DIARIO
CÓRDOBA / EDUCACIÓN
26/11/2014
El pasado día
veinte se celebro el Día Internacional de la Infancia, día que debería
conducirnos a una responsable reflexión y análisis.
Una anécdota nos
puede colocar en el umbral de cuán importante es prestar atención, no solo a
todo lo que los educadores en general hemos convenido como necesario, sino a
las palabras que pronuncia un niño y que tan desapercibidas pasan a veces para
los adultos.
Un alumno de seis
años me decía: Seño, mi madre, por mucho
que le hablo, no me contesta. Será que no te oye -le dije por contestar algo-.
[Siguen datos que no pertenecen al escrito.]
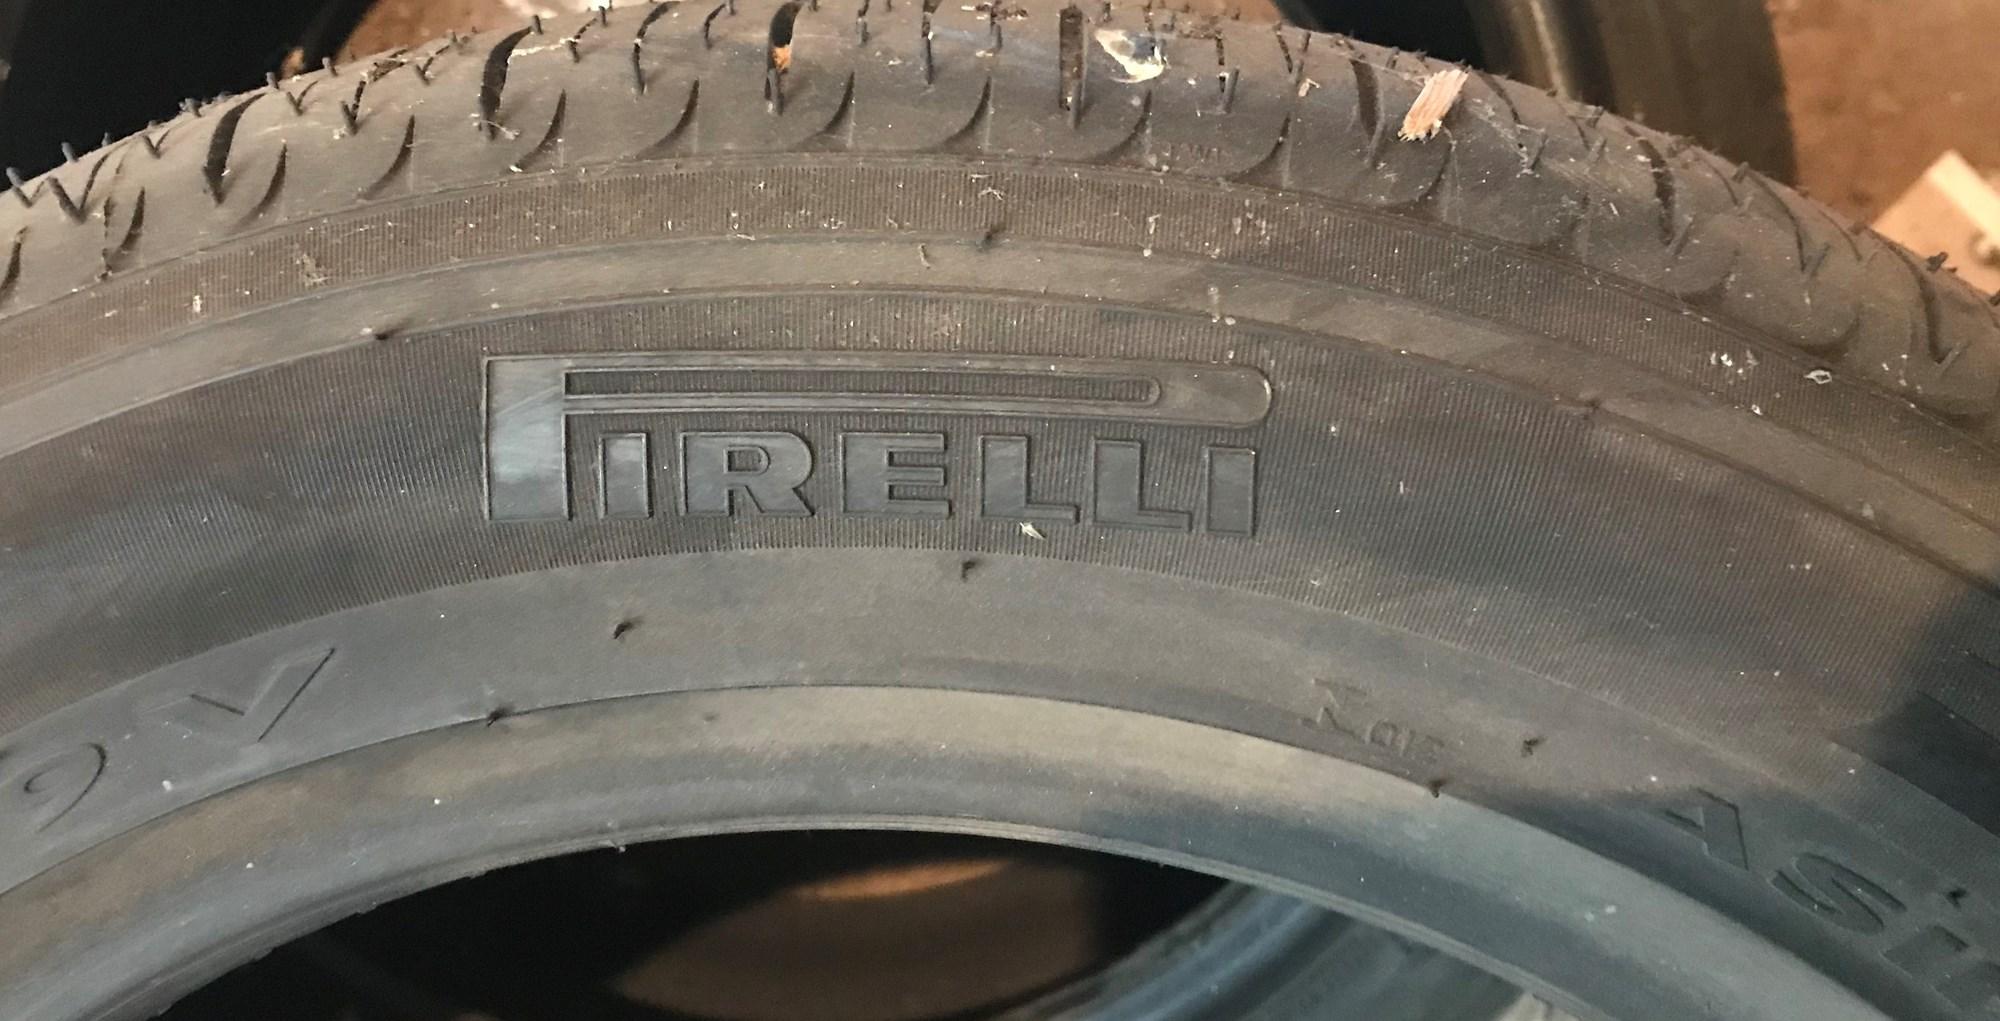 Pirrelli 235/55/17 Tyre
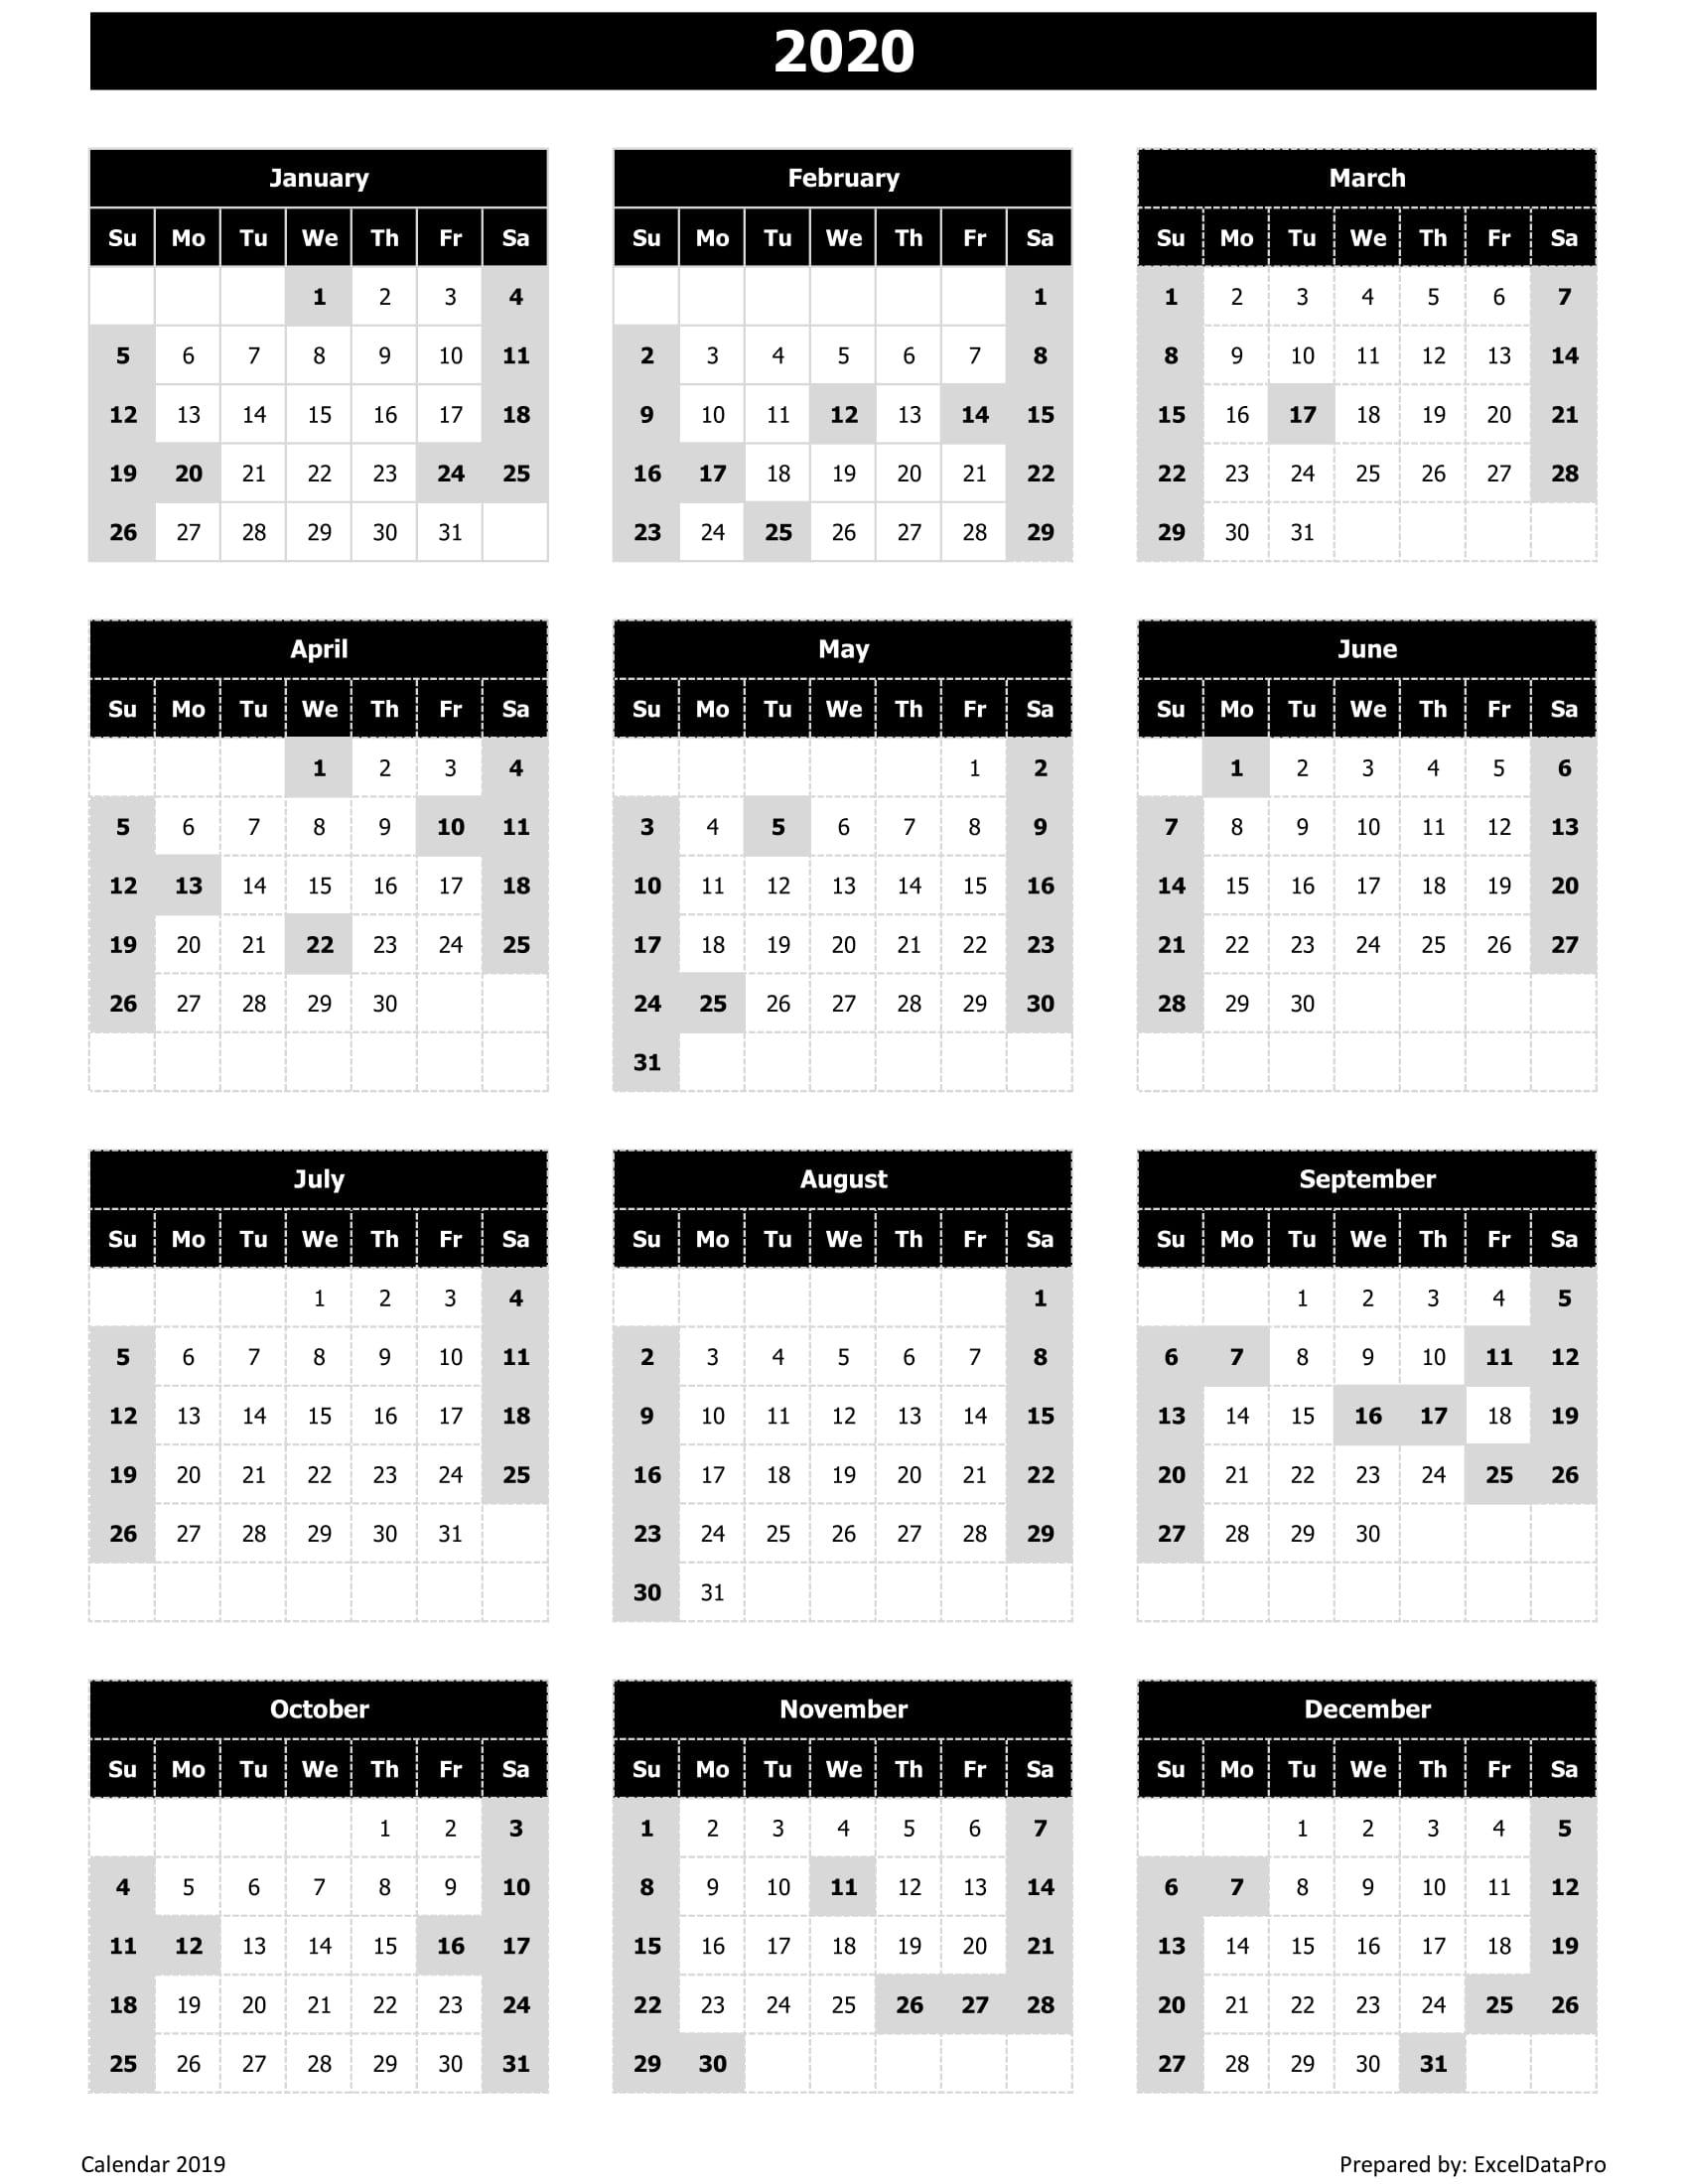 Download 2020 Yearly Calendar (Sun Start) Excel Template - Exceldatapro in Employee Attendance Calendar 2020 Prntable

Sí me oye -insistió rotundo el pequeño-, porque mi padre le habla muy bajito y
ella le contesta. ¡Mi madre no es sorda!
Un día quise
investigar qué podía pasarle a la madre para que el pequeño tuviera aquella
idea de no ser oído. La madre, una mujer joven y receptiva, me facilitó el
trabajo y directamente le conté lo que el niño me había dicho. Con una forzada
sonrisa, exclamó: ¡Lleva razón el niño!
Pero es que tengo seis hijos, señorita, y él es el mayor. Dos son mellizos, y
la verdad es que no tengo tiempo de pararme a escucharlos.. ¡Todo el tiempo es
poco para arreglar la casa, hacerles la comida y tenerles las ropas a punto!
¡Si me tuviera que parar a escucharlos..!
Por supuesto,
entiendo cuán necesario es para una madre atender, en primer lugar, las
necesidades llamadas básicas: comidas, ropas, etcétera. No obstante, desde mi
punto de vista es sumamente básica la necesidad de sacar tiempo y oír lo que
dicen los niños. No debería haber oídos sordos para las palabras de un niño, ni
debería haber ojos ciegos para los escritos de un niño. Ellos sólo tienen
palabras, bien orales, bien escritas. Los mayores tenemos además la obligación
de escucharlos y entenderlos y, entre otras razones, porque la infancia se nos
escapa mucho antes de lo que creemos y la madre y maestra calle ¡sí que los
escuchara, entenderá y marcará para siempre!